Another point of controversy stems from Anthropic’s own disclosed system card. The documents reveal that when the model detects a user is engaged in tasks related to cutting-edge large model development—such as pre-training workflows, distributed training infrastructure, or machine learning accelerator design—the system does not directly refuse to answer or explicitly prompt a switch to a weaker model. Instead, it reduces answer quality through methods such as modifying prompts, guiding vectors, or parameter-efficient fine-tuning.
The report notes that such interventions are not disclosed to users. For researchers, this means it is difficult to determine whether poor results stem from flaws in the research design itself or from the model’s capabilities being restricted in the background.
Anthropic estimates that such cases affect approximately 0.03% of traffic. However, many researchers and open-source developers argue that the issue is not just about the proportion, but that this practice undermines verifiability and reproducibility, and erodes users' expectations of consistency in model outputs.

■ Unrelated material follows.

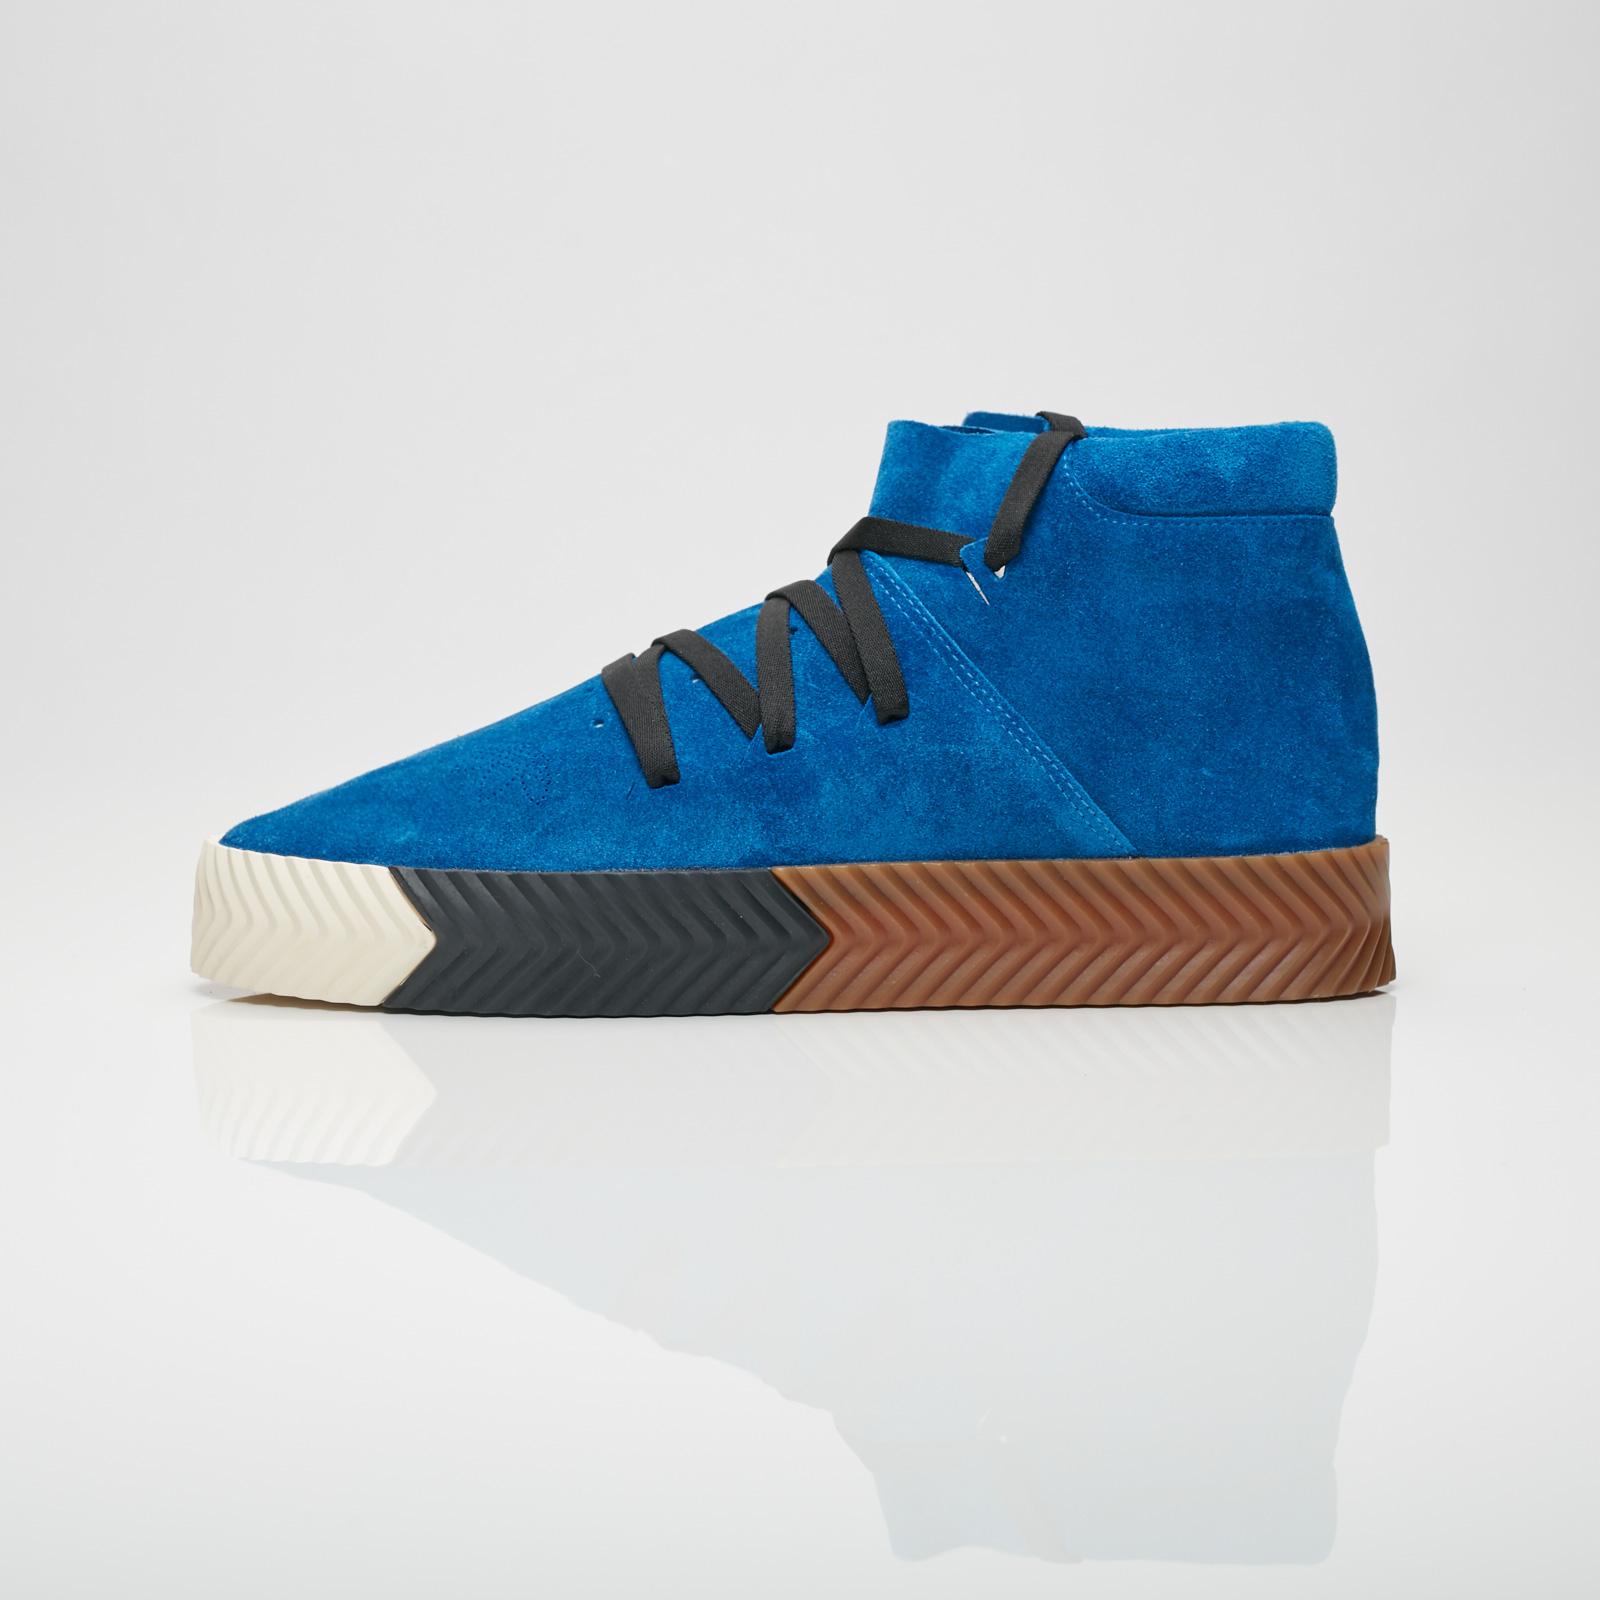 hot sale online 12471 58733 ... adidas Originals by Alexander Wang Skate Shoes ...

30-day data retention raises concerns
The report also noted that Fable 5 and Mythos 5 enforce a mandatory 30-day data retention policy with no exceptions. This arrangement has further fueled dissatisfaction among developers and the research community, particularly for users handling sensitive projects, proprietary code, or research materials, where data handling practices are a critical consideration.
Based on current feedback, public opinion on Fable 5 is not entirely negative. Some users appreciate its performance in programming and daily tasks, but controversies surrounding cost, transparency, and data policies at launch have quickly overshadowed the product’s capabilities.